● **DIRECTIONS FOR THIS TASK**
Give back, unaltered, the lines from the one with "Glamping in a" to the end of the material, omitting pictures.

● **DATA EXTRACT**
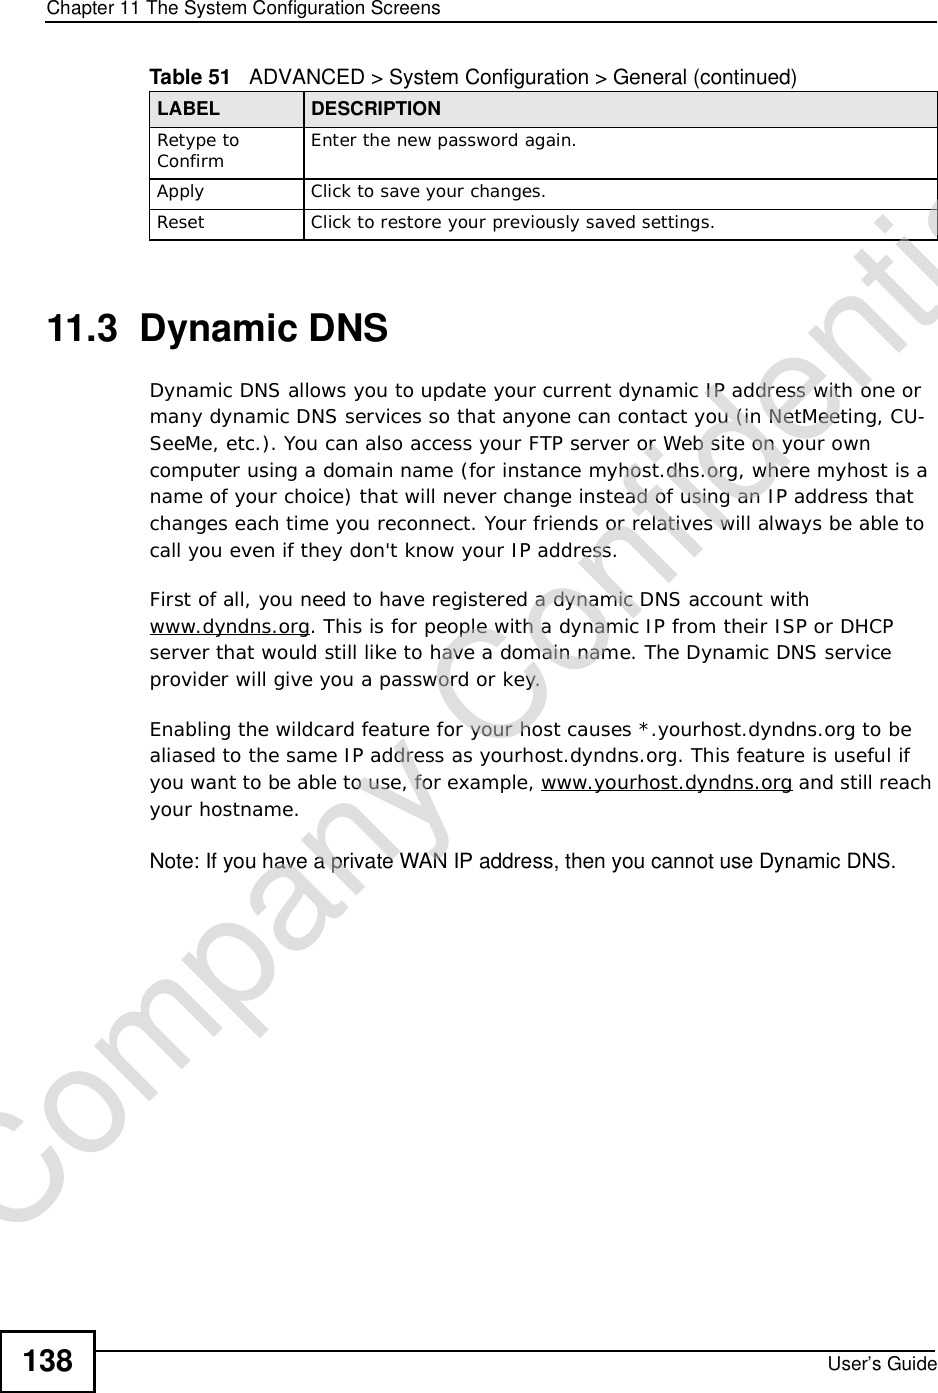 Chapter 11The System Configuration ScreensUser’s Guide13811.3  Dynamic DNSDynamic DNS allows you to update your current dynamic IP address with one or many dynamic DNS services so that anyone can contact you (in NetMeeting, CU-SeeMe, etc.). You can also access your FTP server or Web site on your own computer using a domain name (for instance myhost.dhs.org, where myhost is a name of your choice) that will never change instead of using an IP address that changes each time you reconnect. Your friends or relatives will always be able to call you even if they don&apos;t know your IP address.First of all, you need to have registered a dynamic DNS account with www.dyndns.org. This is for people with a dynamic IP from their ISP or DHCP server that would still like to have a domain name. The Dynamic DNS service provider will give you a password or key.Enabling the wildcard feature for your host causes *.yourhost.dyndns.org to be aliased to the same IP address as yourhost.dyndns.org. This feature is useful if you want to be able to use, for example, www.yourhost.dyndns.org and still reach your hostname.Note: If you have a private WAN IP address, then you cannot use Dynamic DNS.Retype to Confirm Enter the new password again.ApplyClick to save your changes.ResetClick to restore your previously saved settings.Table 51   ADVANCED &gt; System Configuration &gt; General (continued)LABEL DESCRIPTIONCompany Confidential
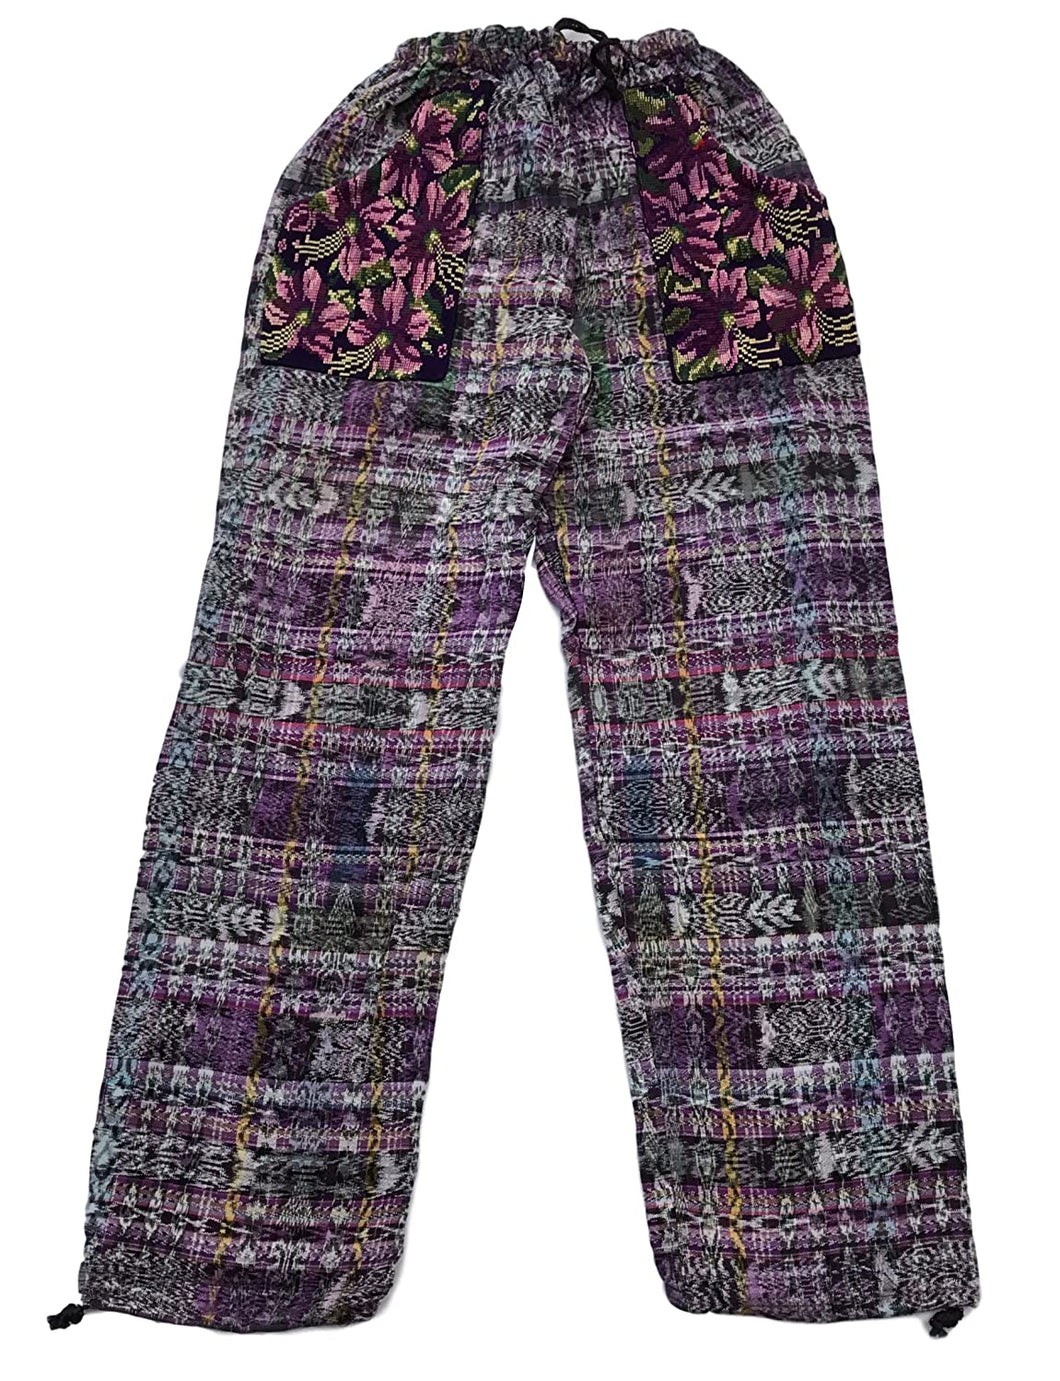 Guatemalan Corte Style Pants with Huipil Pockets - Multicolored
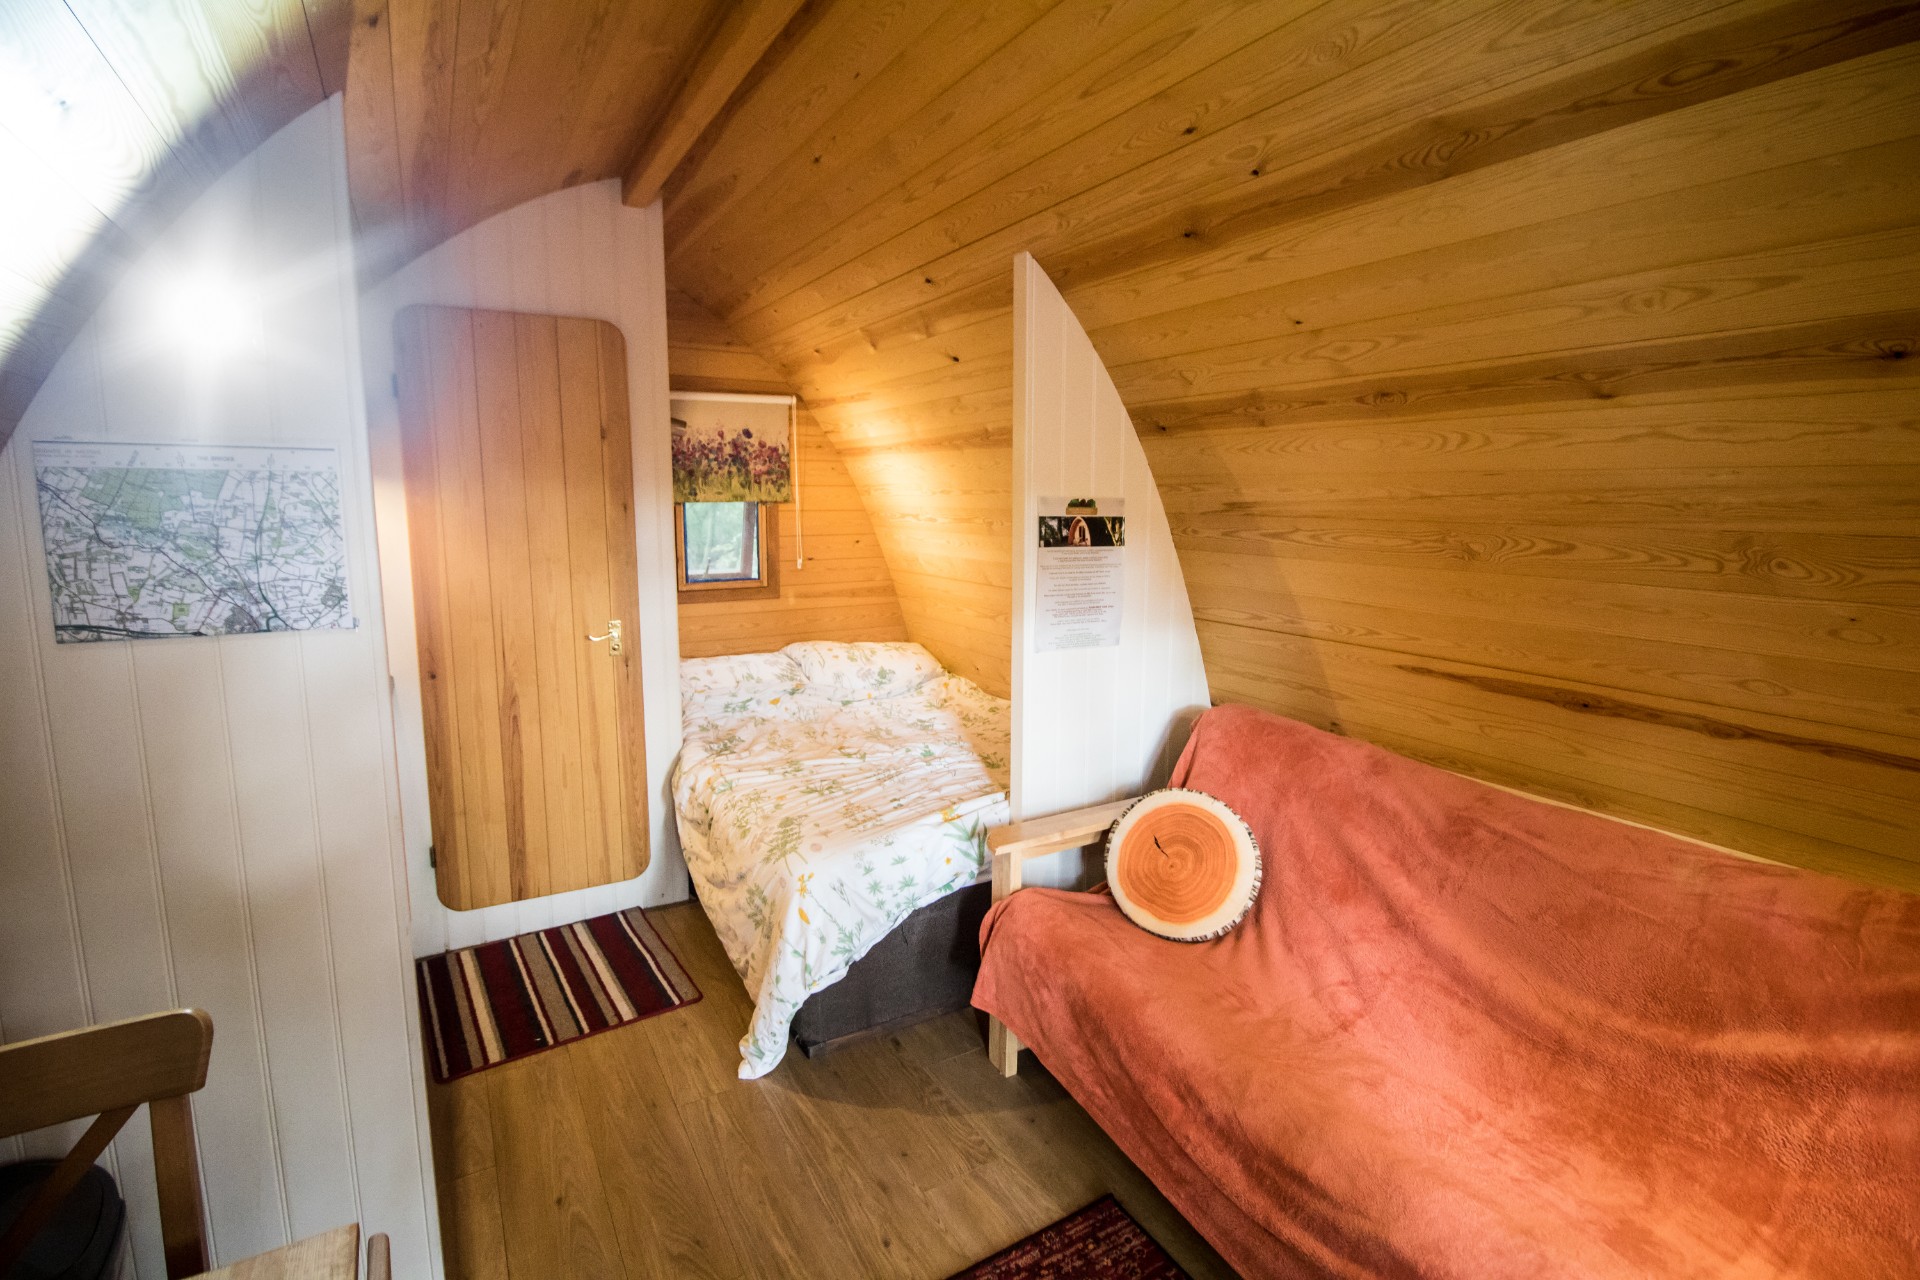 Glamping in a Suffolk Woodland at West Stow Pods. West Stow. Culford. Bury St Edmunds. Suffolk. Cambridge. Cambridgeshire. Anglo Saxon Village and Lakes. Mega Pod. Quirky, unique accommodation. Click through to read more...
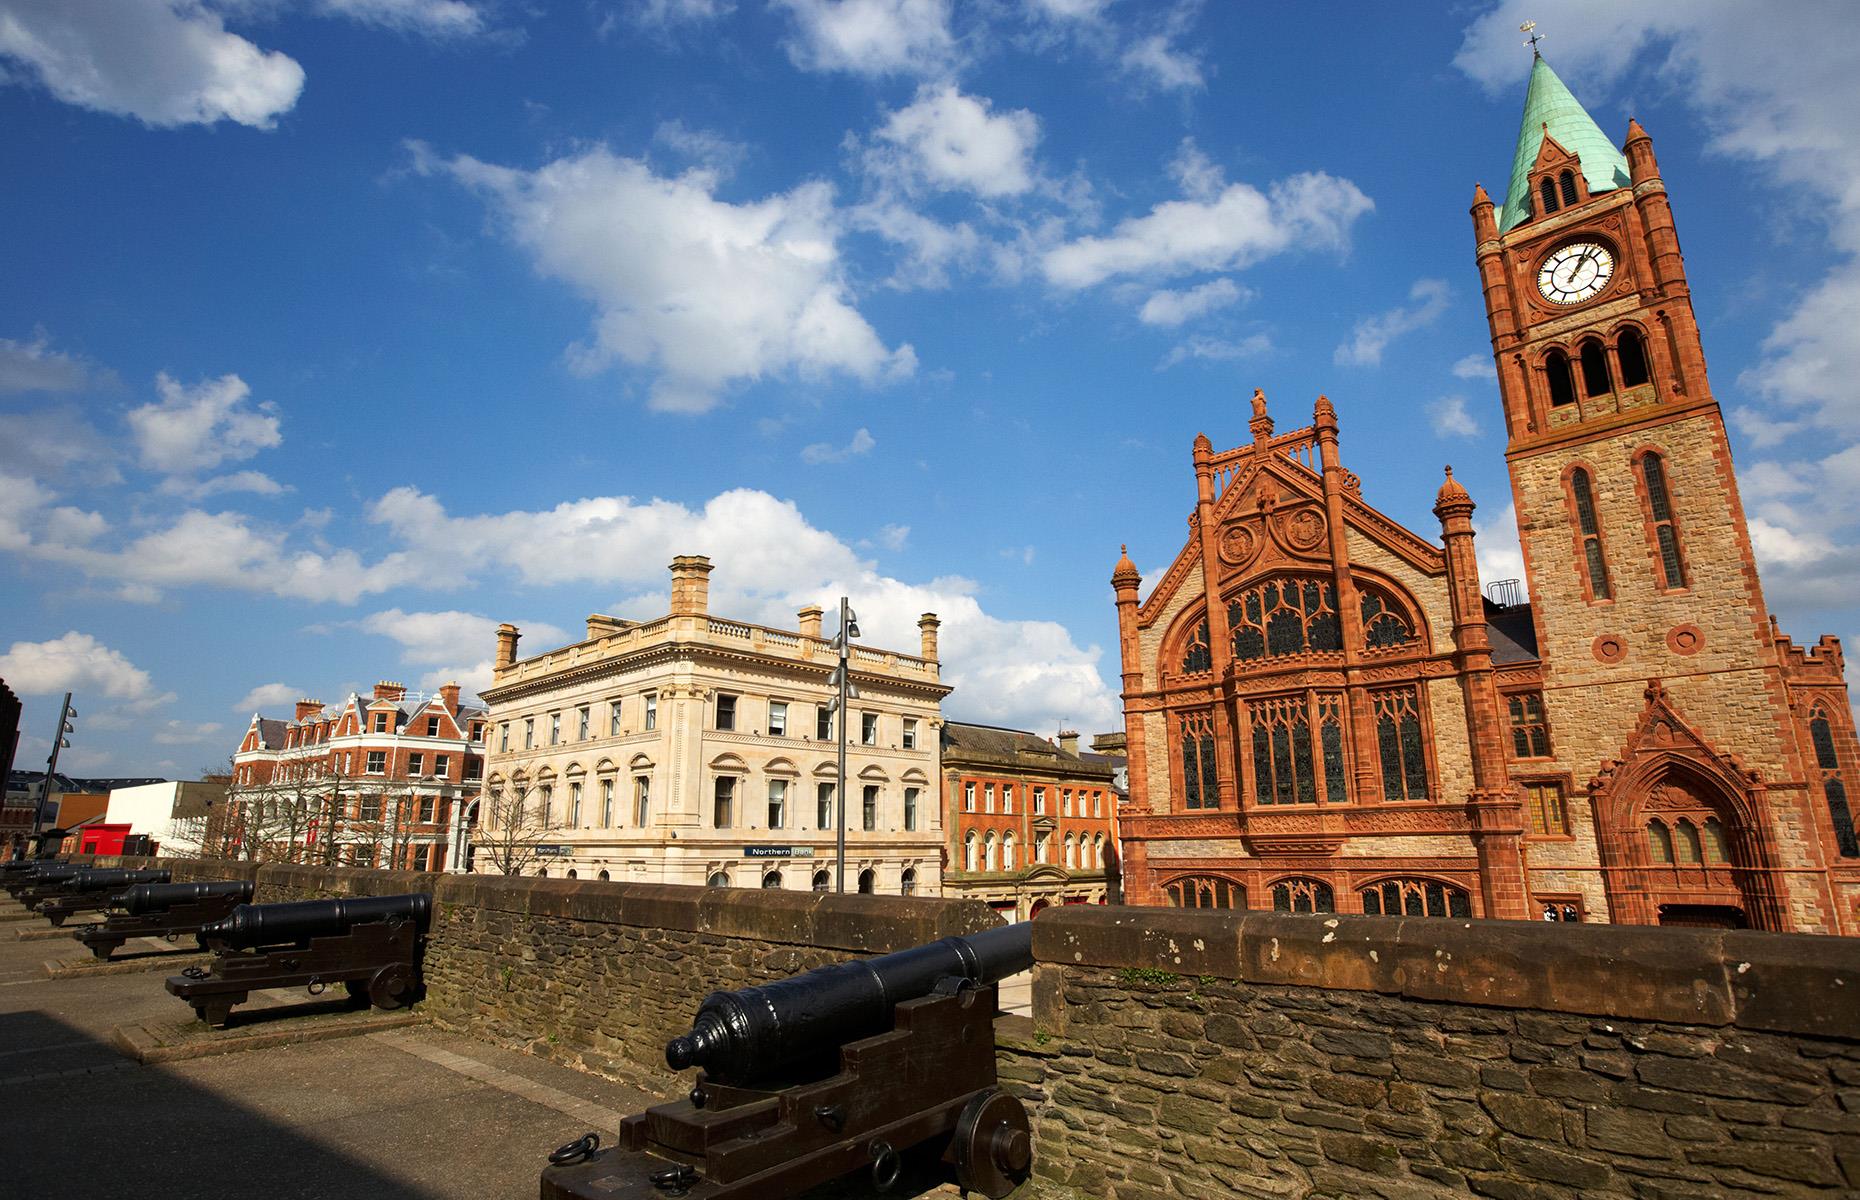 <p>In the historic walled city of Derry/Londonderry, you’ll have the chance to experience all that the inaugural UK City of Culture has to offer. The best way to do this is to take a tour of the city walls themselves.</p>  <p>Join a <a href="https://www.derrycitytours.com/">City Walking Tour</a> for an engaging, unbiased journey through Derry/Londonderry's history, from its Christian settlement in the 6<sup>th</sup> century, up through the Troubles including Bloody Sunday, to its current reputation as a seat of music, hospitality, and peace.</p>

● **OUTPUT FOR THIS TASK**
 Glamping in a Suffolk Woodland at West Stow Pods. West Stow. Culford. Bury St Edmunds. Suffolk. Cambridge. Cambridgeshire. Anglo Saxon Village and Lakes. Mega Pod. Quirky, unique accommodation. Click through to read more...
 <p>In the historic walled city of Derry/Londonderry, you’ll have the chance to experience all that the inaugural UK City of Culture has to offer. The best way to do this is to take a tour of the city walls themselves.</p>  <p>Join a <a href="https://www.derrycitytours.com/">City Walking Tour</a> for an engaging, unbiased journey through Derry/Londonderry's history, from its Christian settlement in the 6<sup>th</sup> century, up through the Troubles including Bloody Sunday, to its current reputation as a seat of music, hospitality, and peace.</p>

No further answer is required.